I looked at him a long time before I spoke. He was infirm and, I suspected, visited in his sleep by memories and deeds no one wishes to carry to his grave. Or perhaps I was endowing him with a level of humanity that he didn’t possess. Regardless, I had concluded that Timothy Abelard was not someone I would ever come to like or admire.
“Robert Weingart is in your home with your consent, sir,” I said. “You’re an intelligent man. That means his agenda is your agenda. That’s not a comforting thought.”
“Get out,” he replied.
I walked outside and down the slope of the yard toward a wood dock, where Kermit was mooring his boat. Alafair stepped off the bow onto the dock and came toward me. She was wearing white shorts and a black blouse and straw sandals; her skin was dark with tan in the sunlight, her hair blown in wet wisps across her cheek, her mouth lifted toward me.
“I’m here to see Kermit. It has nothing to do with you, Alafair,” I said.
“You gave me your word,” she said.
“I promised I wouldn’t interfere in your relationship. There’re some questions Kermit has to answer. He can talk to me or he can talk to Helen Soileau. Or he can wait until he’s contacted by the FBI.”
She walked past me without replying, glancing at me once, her eyes dead.
Kermit stood on his dock, his hands on his hips, gazing at the hammered bronze light on the bay and at the moss straightening on the cypress snags and at the man fishing in the pirogue. When he heard my footsteps behind him, he turned and extended his hand, but I didn’t take it. The smile went out of his face.
“Did you know Bernadette Latiolais?” I asked.
He held his eyes on mine, more steadily than was natural, never blinking. “The name is familiar,” he said.

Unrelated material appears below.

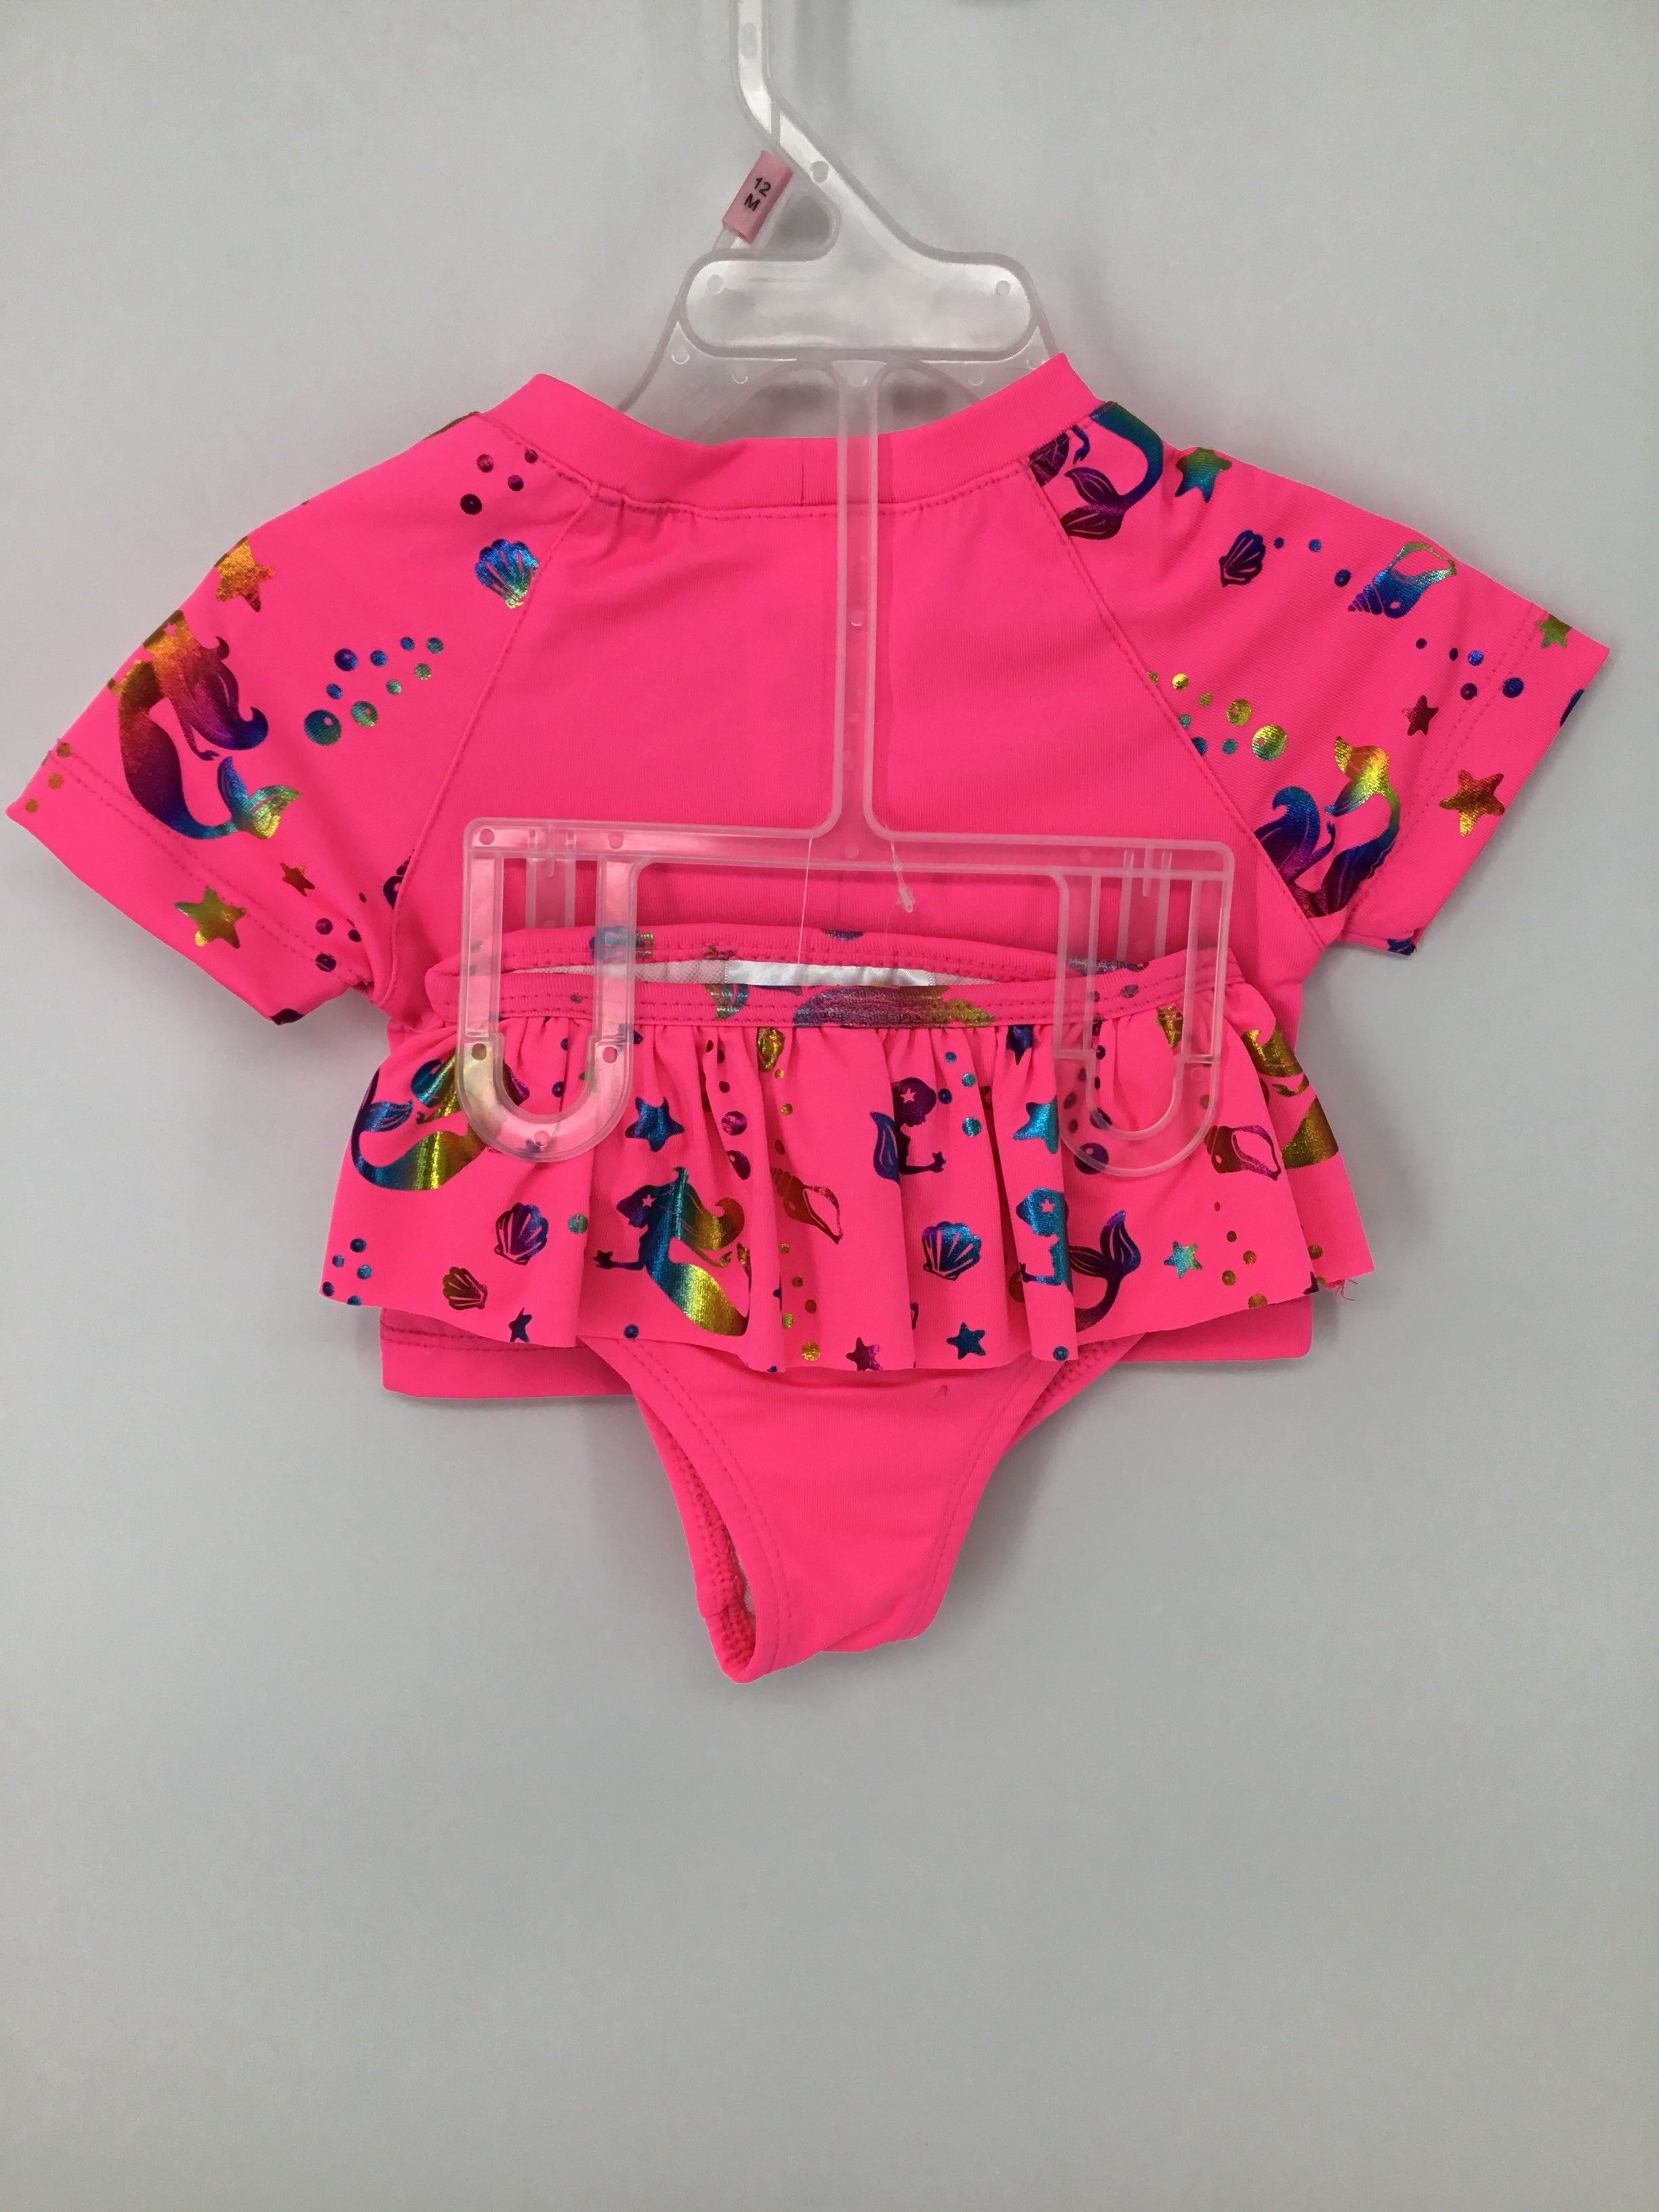 Lemon Kiss Child Size 12 Months Pink Swimwear - girls

“It should be. You were photographed with her.”
“Oh, yes,” he said. “One of the scholarship girls, I believe.”
“She was a murder victim. She said you were going to make her rich. How were you planning to do that?”
“Wait a minute. There’s some confusion here.”
“Are you telling me you weren’t photographed with her?” The truth was I had never seen the photo, and I knew of its possible existence only because Bernadette’s brother, Elmore, said she had shown it to him when she visited him at the work camp in Mississippi.
“I’m saying I remember her name because my family belongs to the UL alumni association, and I was at the ceremony at Bernadette’s high school when she was awarded a scholarship that we endow. At least if we’re talking about the same person. Why don’t you check it out?”
“I don’t have to.”
“Why is that?”
“Because you’re lying. I think you have blood splatter all over you, podna, and I’m going to nail you to the wall.”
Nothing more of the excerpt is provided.